German curator, art critic and exhibition organizer

Alfons Hug (born 16 March 1950 in Hochdorf, West Germany) is a curator, critic and exhibition organizer.

Hug studied linguistics, comparative literature and cultural studies in Freiburg, Berlin, Dublin and Moscow. He curated the XXV and XXVI São Paulo Art Biennial in 2002 and 2004. Hug was the first non-Brazilian to curate this art event.

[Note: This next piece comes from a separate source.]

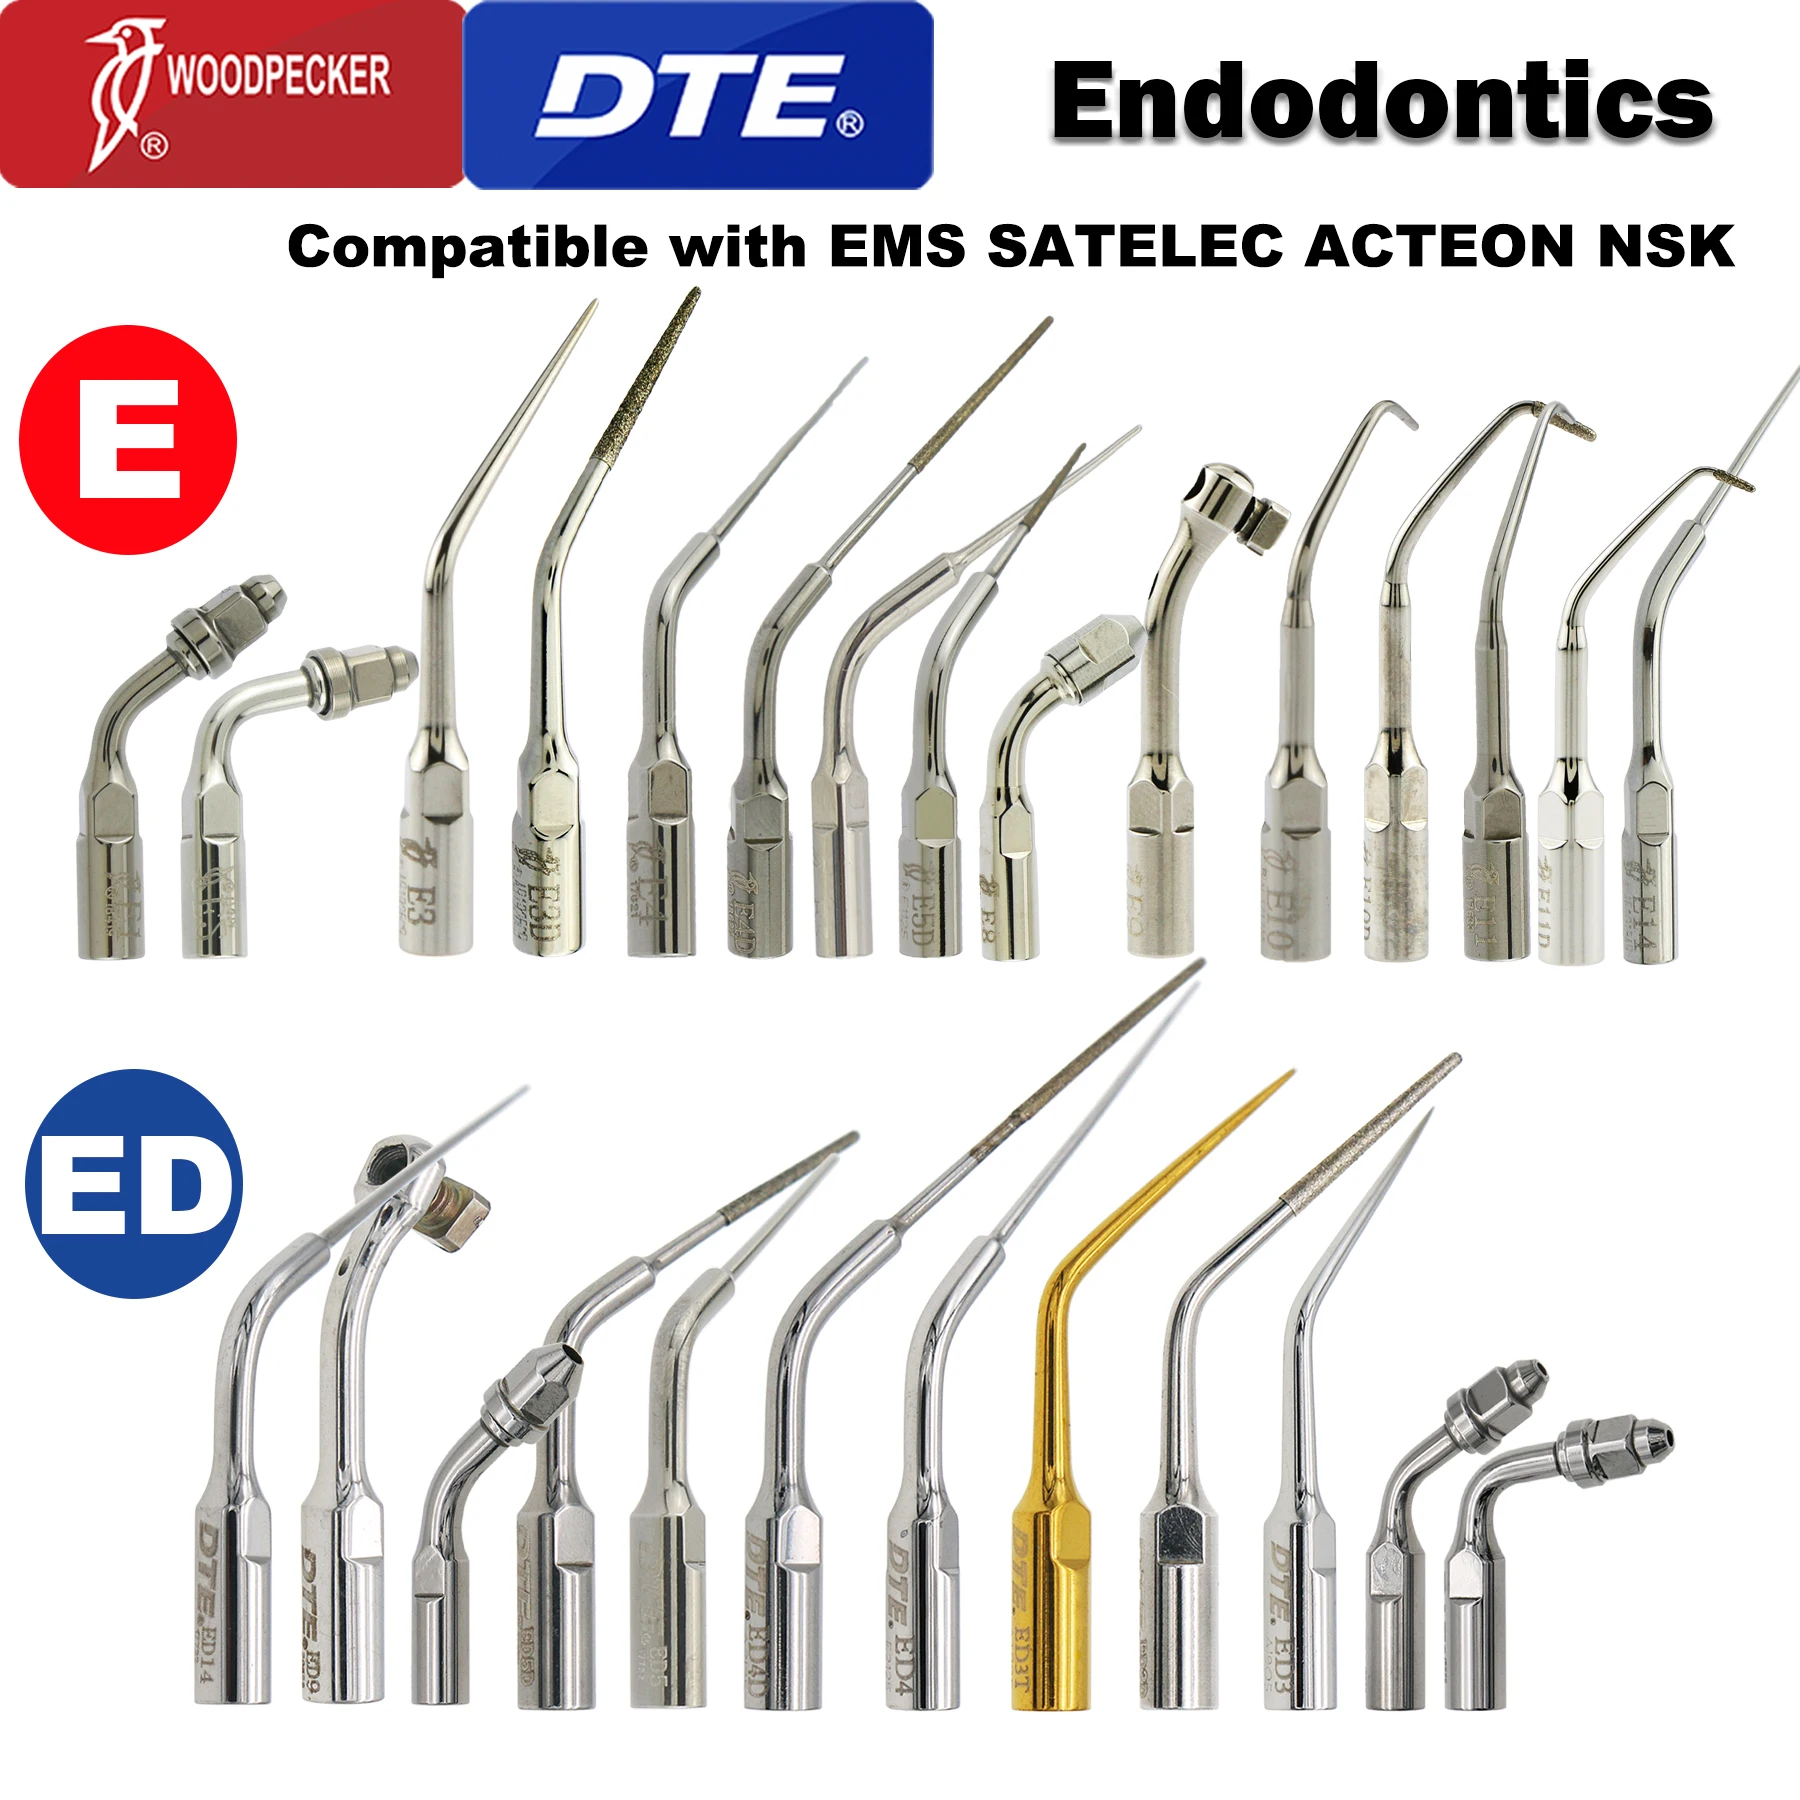 

Woodpecker DTE Tips Dental Ultrasonic Scaler Tips E/ED Scaler Tips Endodontics Fit EMS Satelec NSK Scaler Handpiece

Since the mid-1980s Hug worked as director of Goethe-Institutes (German Cultural Centres) in Lagos, Medellín, Brasília, Caracas and Moscow. From 2002 to 2015 he occupied this position at the Goethe-Institute in Rio de Janeiro and from July 2015 to February 2016 in Singapore. From June 2016 until June 2017 he was again director of the Goethe-Institute in Lagos, Nigeria, and from 2017 to 2023 founding director of the Goethe-Zentrum in Baku, Azerbaijan.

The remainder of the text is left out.